Хосефа, посмотрев на картины, отошла подальше в угол мастерской. Человек, которого она любила, казался ей чужим и внушал тревогу.
Приходил Ховельянос с юным поэтом Кинтаной.
– Вы наш, дон Франсиско. А я уже готов был осудить вас, – сказал Ховельянос.
– Вот он – универсальный язык! – ликовал Кинтана. – Ваши картины, дон Франсиско, понятны каждому: от погонщика мулов до премьер-министра.
Посмотрели картины и дон Мигель, Лусия и дон Диего. Бессмысленно оценивать такие картины с точки зрения Менгса и Байеу, заметил аббат.
– Боюсь, нам придется переучиваться, дон Мигель, – сказал он.
Но на следующий день утром дон Мигель пришел снова.
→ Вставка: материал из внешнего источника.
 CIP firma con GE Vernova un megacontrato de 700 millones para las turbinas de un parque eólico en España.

Картины Гойи всю ночь не давали ему покоя. Они смутили его и как любителя искусства, и как политика. Значит, скрытый в них протест вполне могут почувствовать и другие, в том числе и враги, например Великий инквизитор Лоренсана. А этим людям нет никакого дела до их художественной ценности, для них важно исключительно то, что картины дышат угрозой, смутой, ересью.
Именно это Мигель и хотел объяснить своему другу. Этими картинами, говорил он, Франсиско достаточно красноречиво показал свою политическую зрелость и приверженность справедливости. Но выставлять их было бы безрассудной отвагой. Такой поступок со стороны художника, по приглашению инквизиции присутствовавшего на аутодафе, Священный трибунал расценил бы как вызов и не оставил бы без последствий.
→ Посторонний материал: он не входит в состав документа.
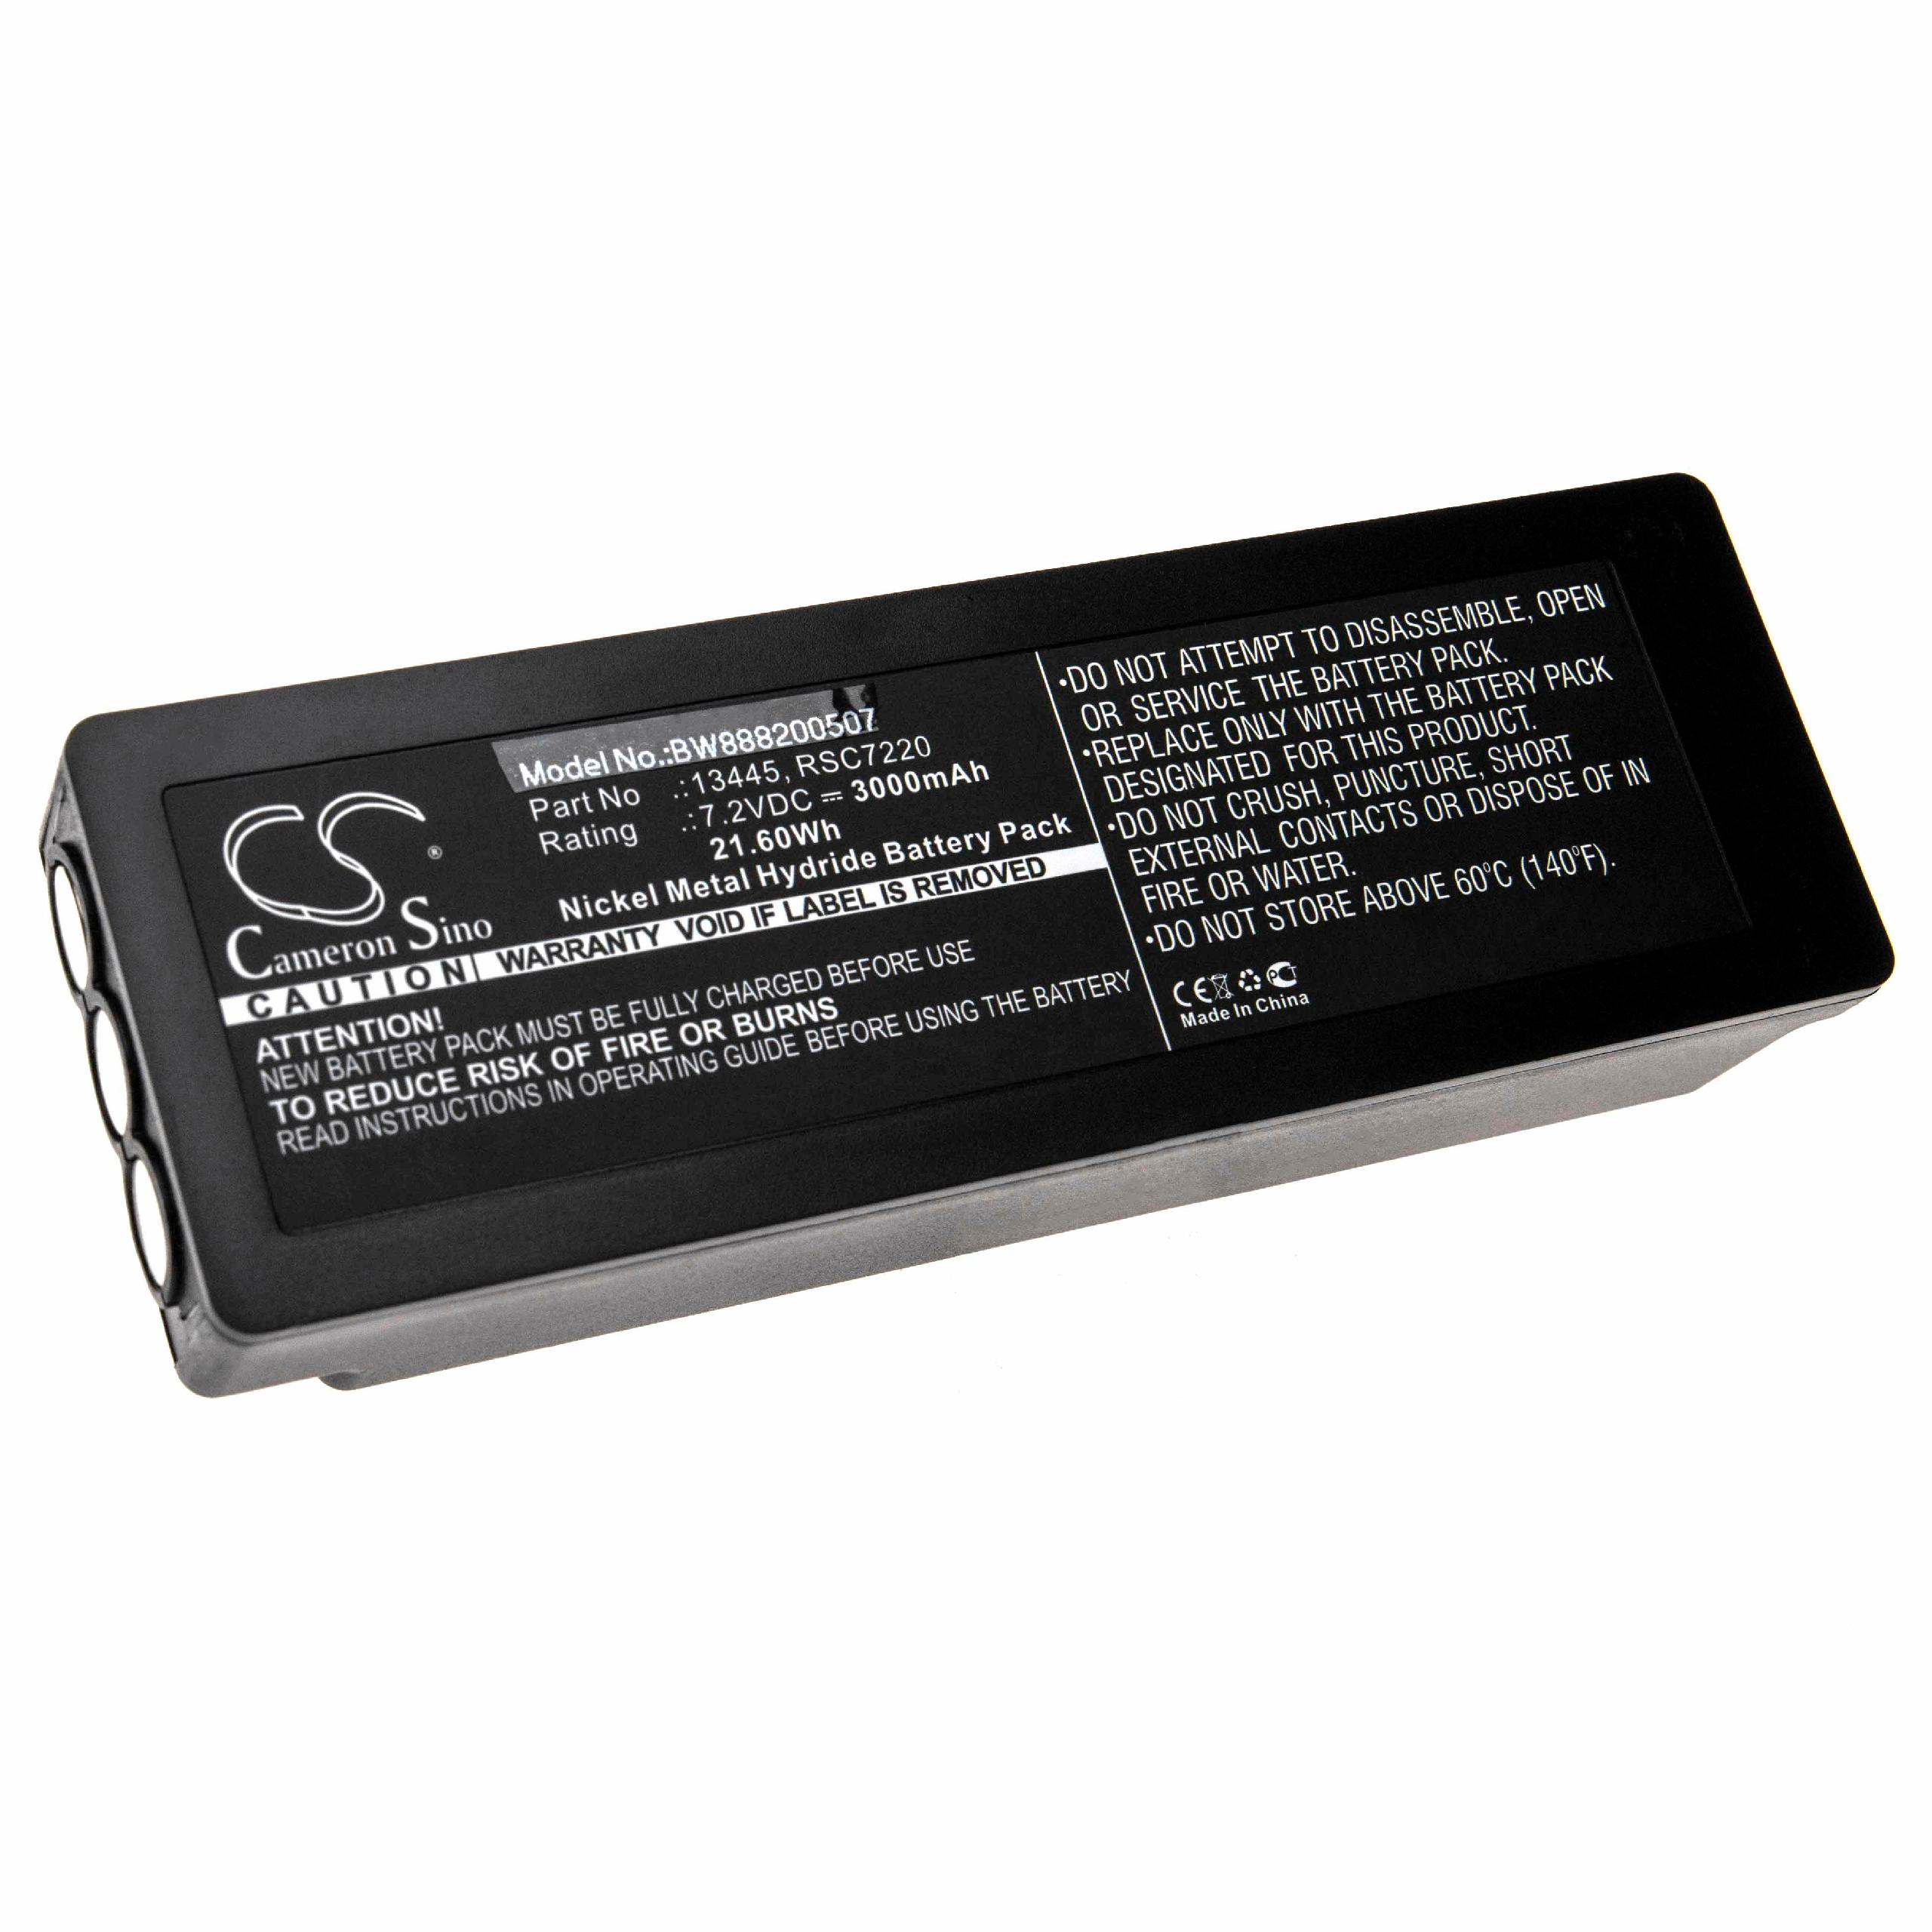 Batterie remplace Palfinger Scanreco 1026, 16131, 13445 pour télécomande industrielle - 3000mAh 7,2V NiMH

Гойя с удивленной ухмылкой посмотрел на свои картины.
– Я не вижу в этих картинах ничего такого, что могло бы не понравиться Святой инквизиции, – заявил он. – Мой покойный шурин надежно вдолбил мне правила Пачеко[72]. Я никогда не писал обнаженную натуру. Я никогда не писал ног Пресвятой Девы Марии. В моей живописи нет ничего, что нарушало бы запреты инквизиции. – Он еще раз окинул взглядом картины. – Нет, я не вижу в них ничего предосудительного, – повторил он и покачал головой уже с серьезным лицом.
Мигель вздохнул, огорченный этой крестьянской наивностью.
– Да, на первый взгляд никакого бунтарского духа здесь как будто нет, – терпеливо продолжал он увещевать друга. – Но он чувствуется, эти картины поистине пропахли ересью.
Франсиско никак не мог понять, чего от него хочет Мигель. Ему не угодишь, думал он, то ему, видите ли, не нравится, что Гойя – всего лишь художник, то он недоволен, что в его картинах слишком много политики. Где он, черт возьми, нашел в его картинах политику? Разве до него не писали аутодафе?
– Да, но не так! – воскликнул Мигель. – И не сейчас!
Гойя пожал плечами.
– Нет, я не думаю, что из-за этих картин у меня могут быть неприятности, – заявил он. – Я должен был написать их. Я написал их как мог и не хочу их прятать, я хочу показать их всем, и я выставлю их.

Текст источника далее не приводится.